- [Source data]
* * * * *

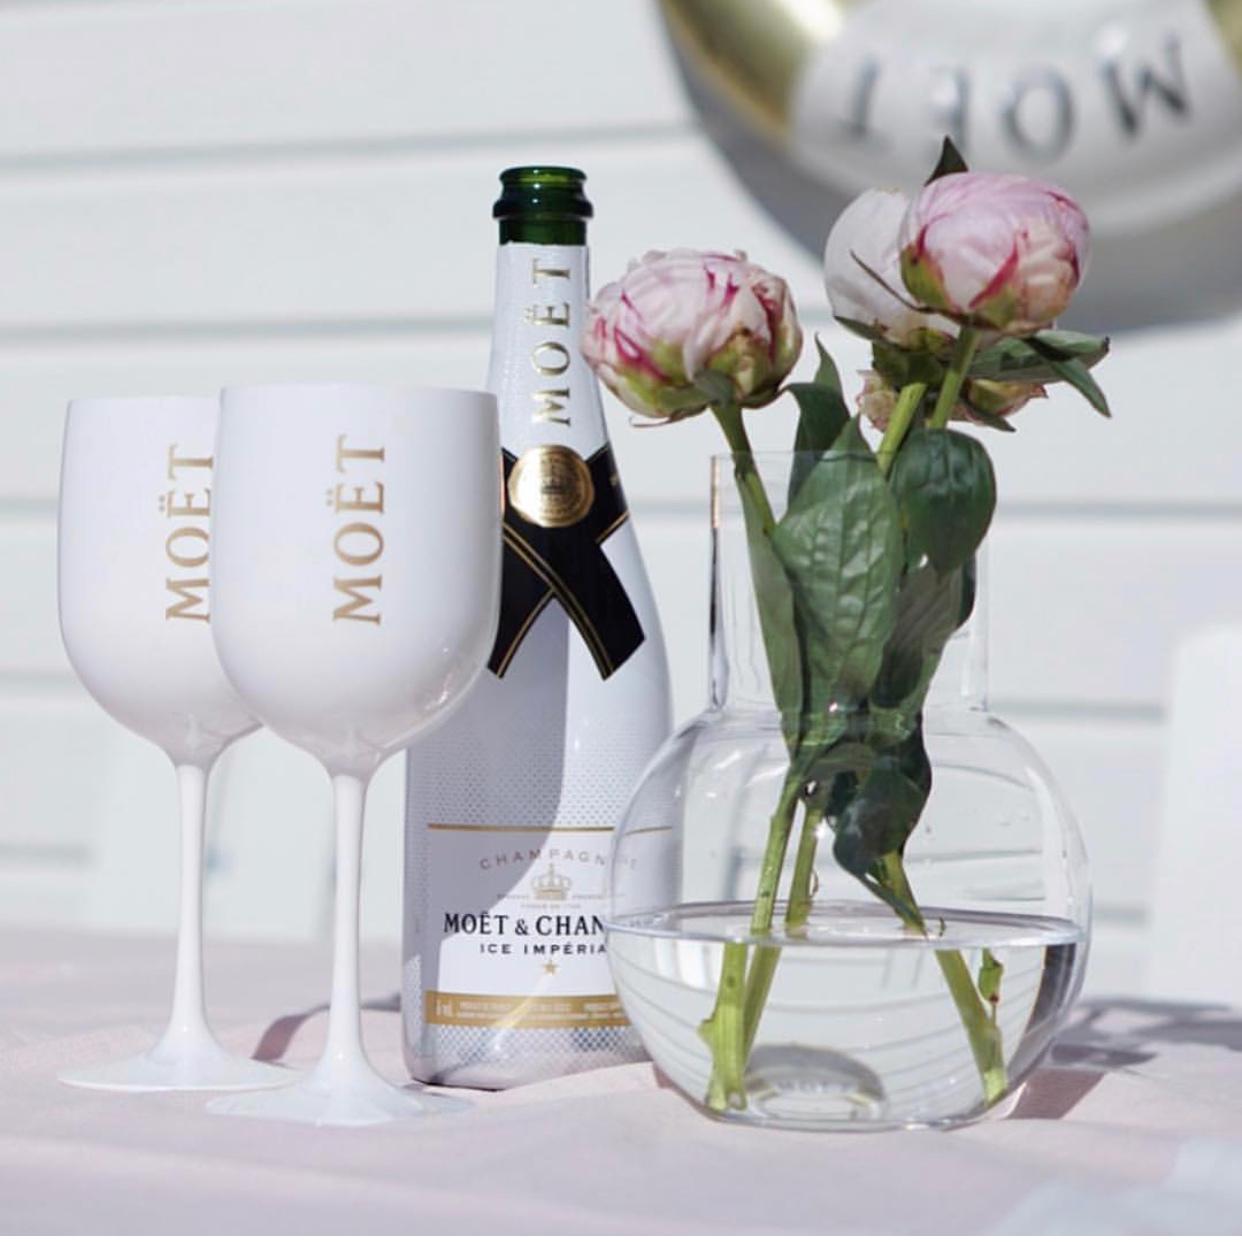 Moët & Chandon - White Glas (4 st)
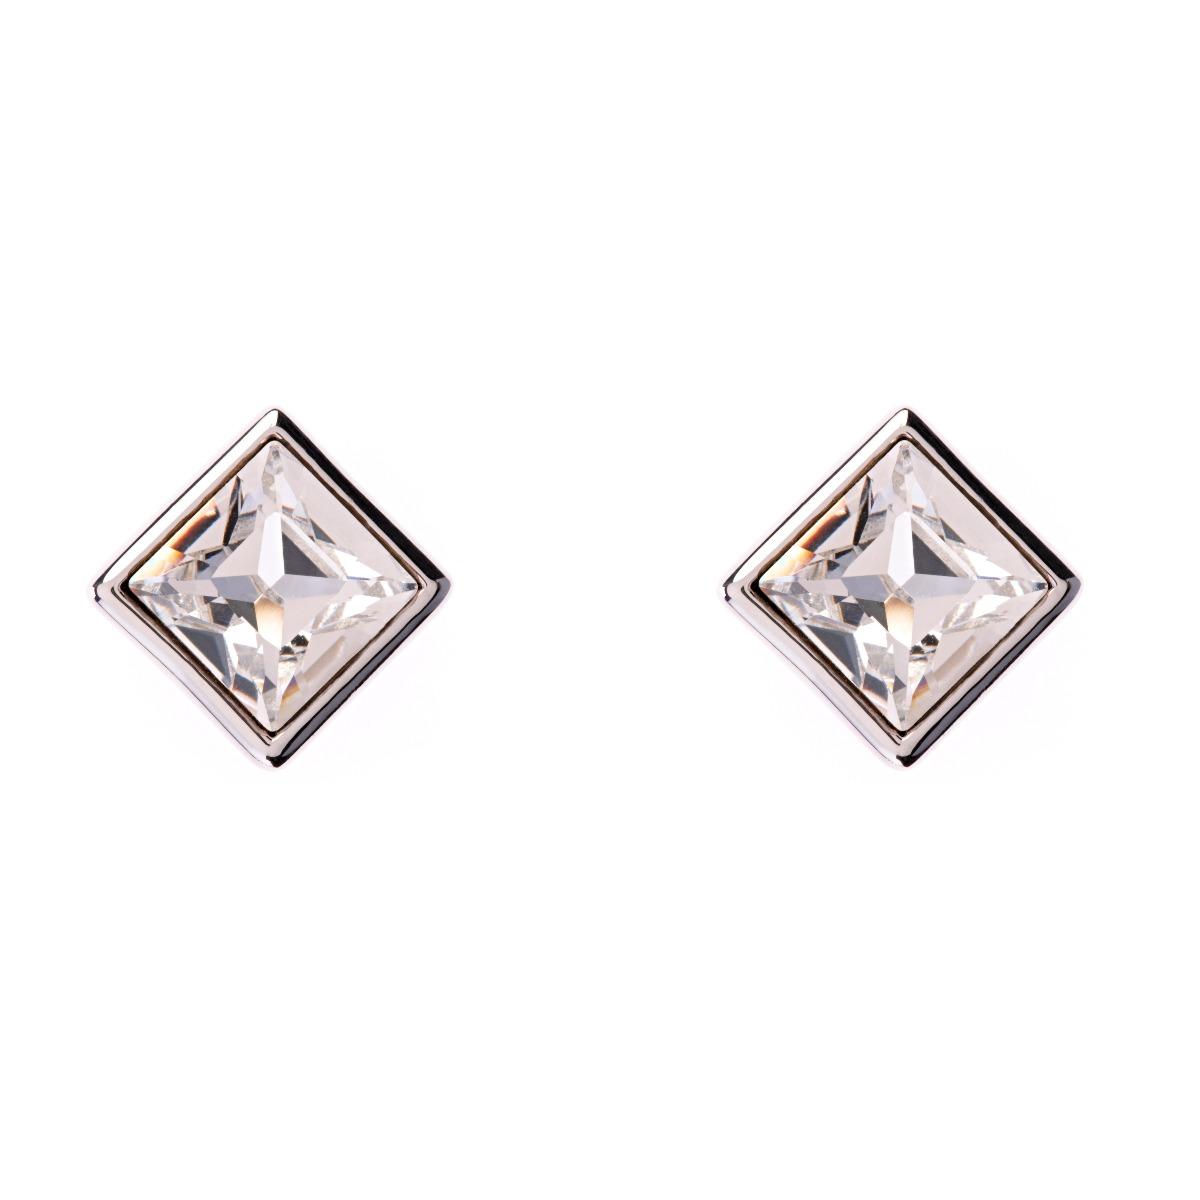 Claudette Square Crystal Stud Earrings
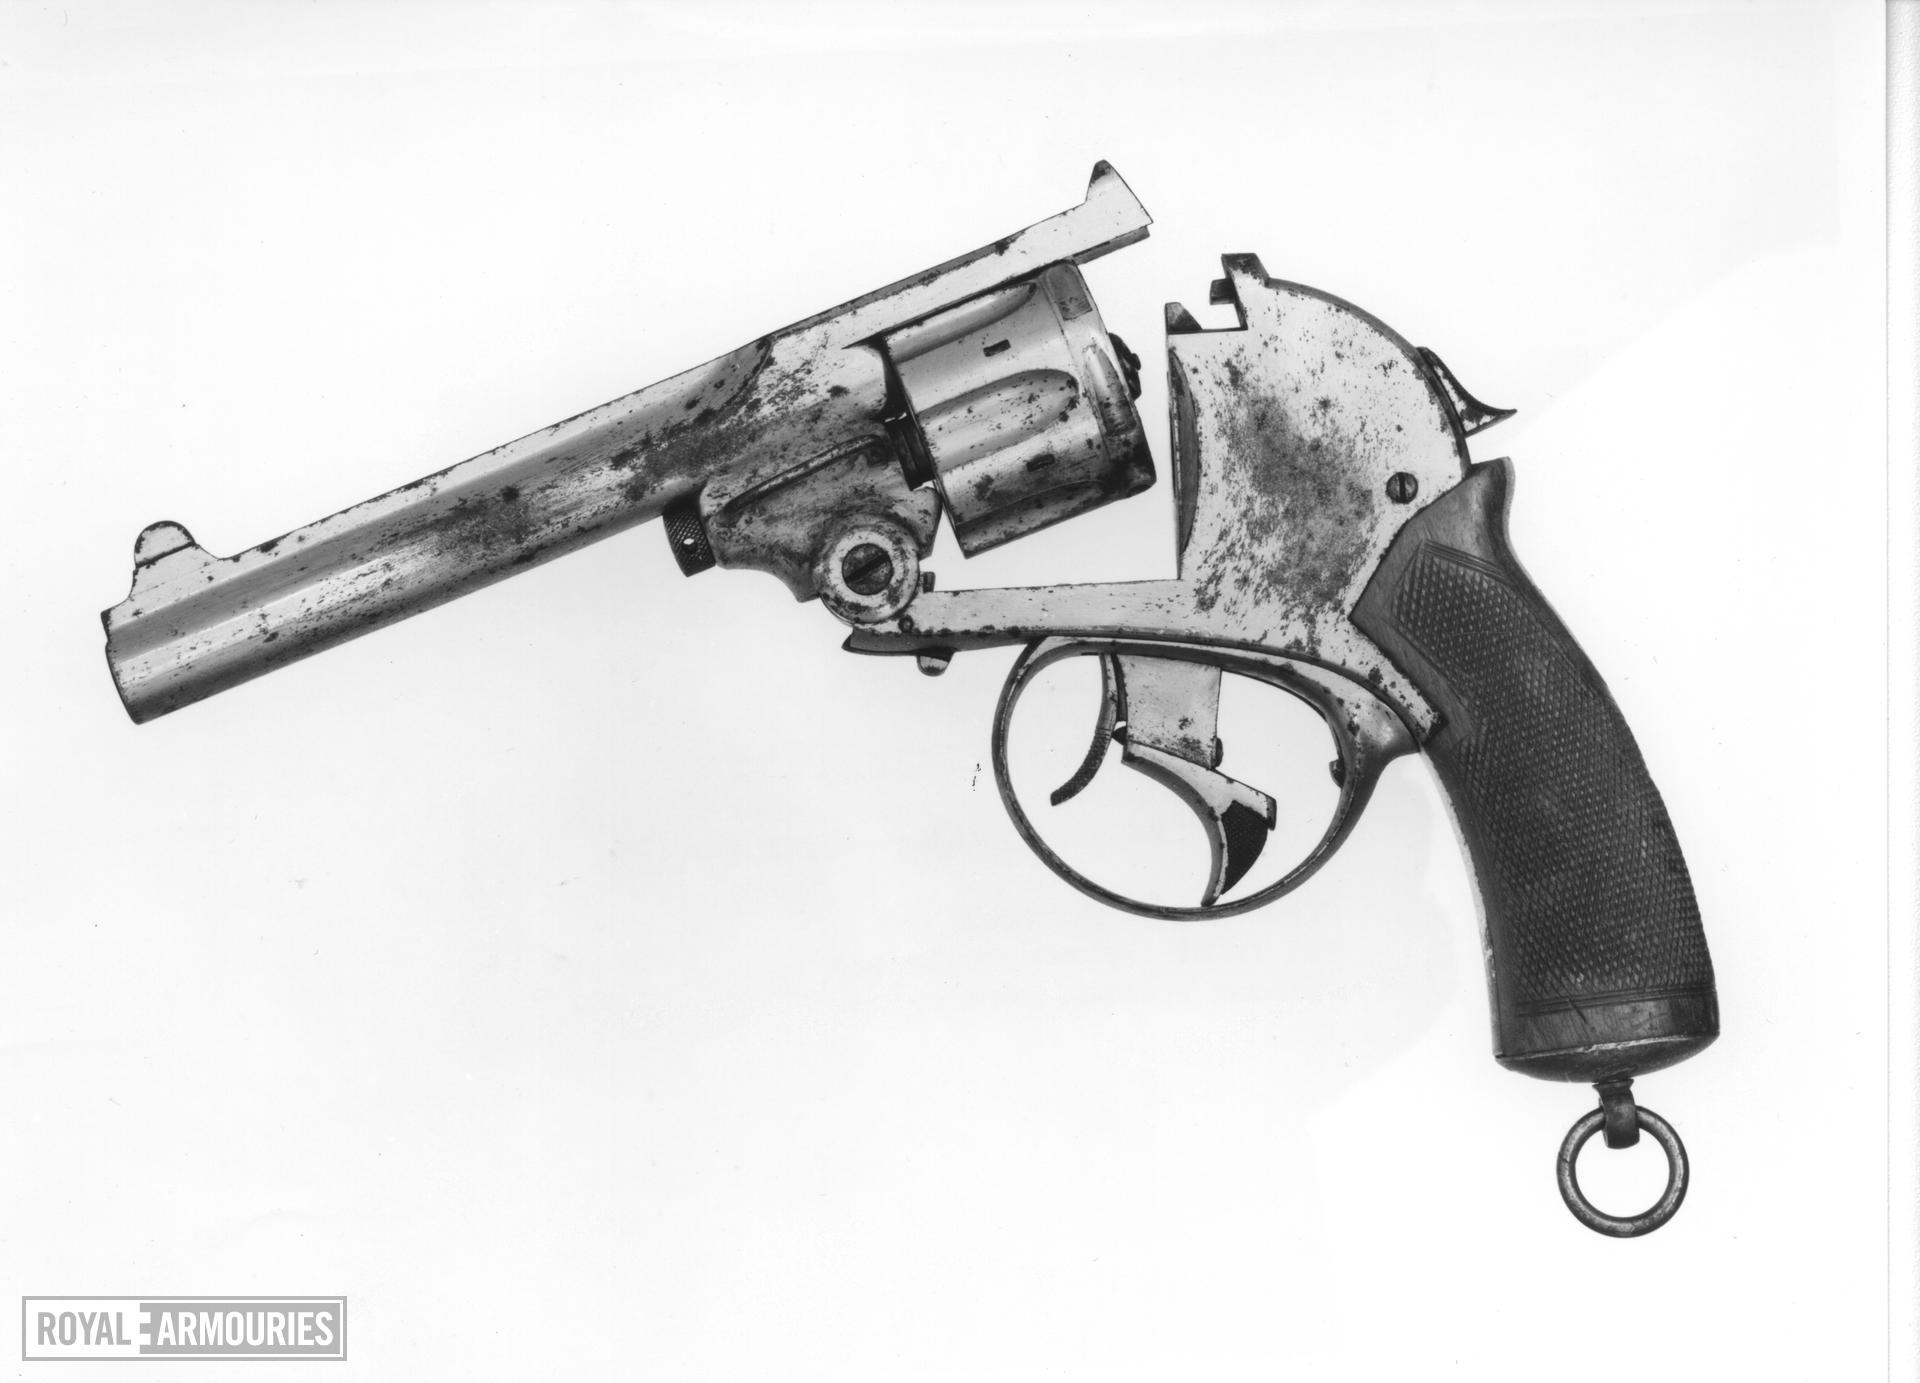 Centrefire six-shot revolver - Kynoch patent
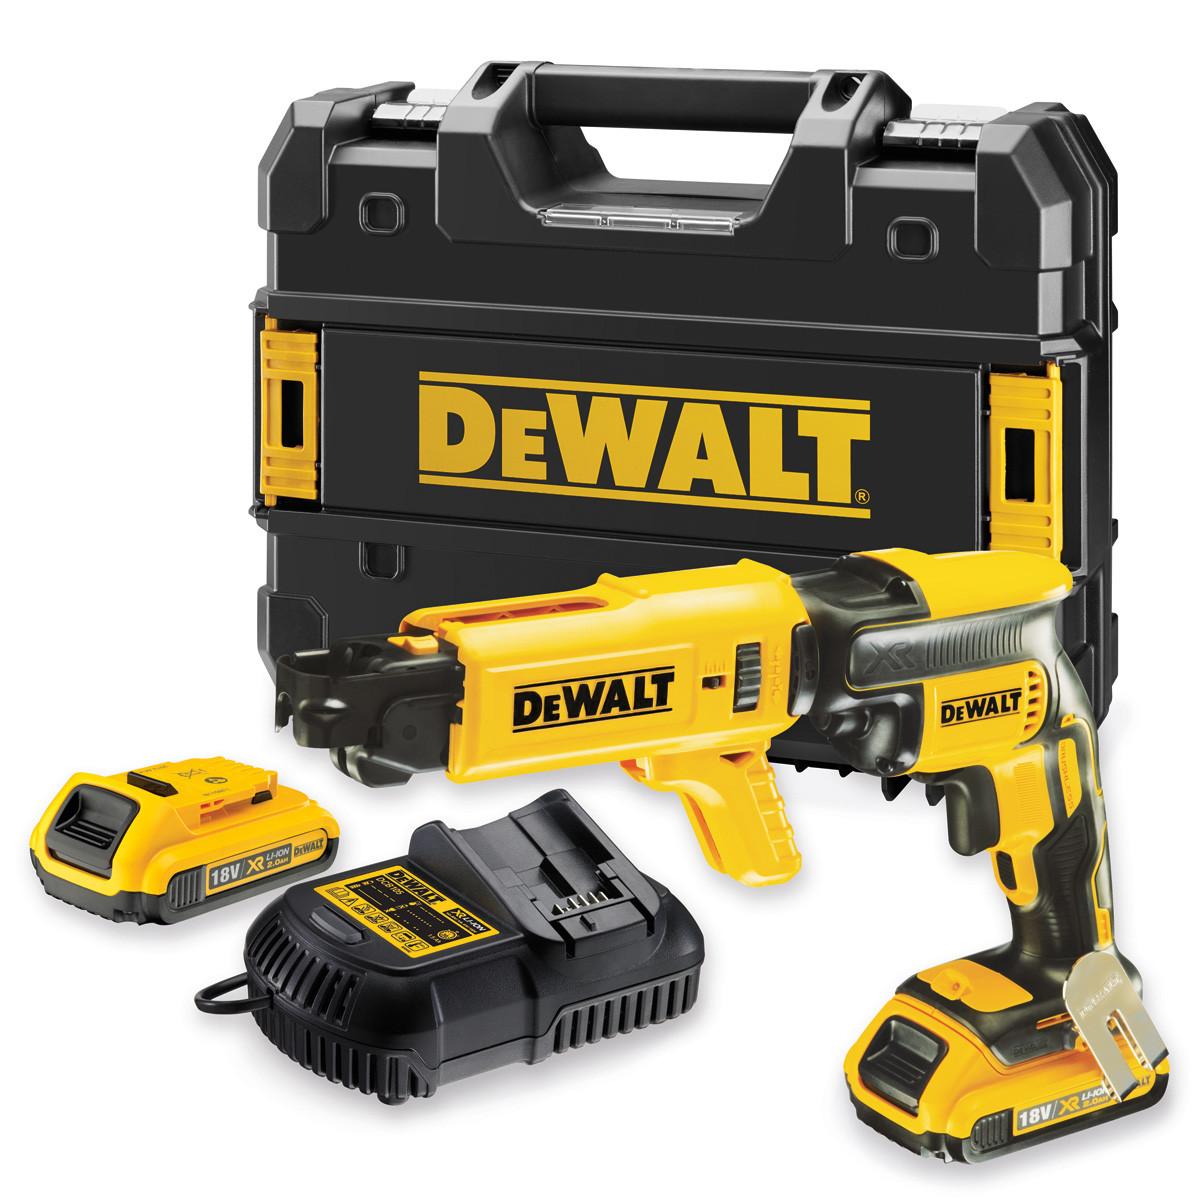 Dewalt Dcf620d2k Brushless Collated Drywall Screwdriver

* * * * *

- [Task description] Reproduce the data above exactly, leaving each picture out.

- [Task output]
 Moët & Chandon - White Glas (4 st)
 Claudette Square Crystal Stud Earrings
 Centrefire six-shot revolver - Kynoch patent
 Dewalt Dcf620d2k Brushless Collated Drywall Screwdriver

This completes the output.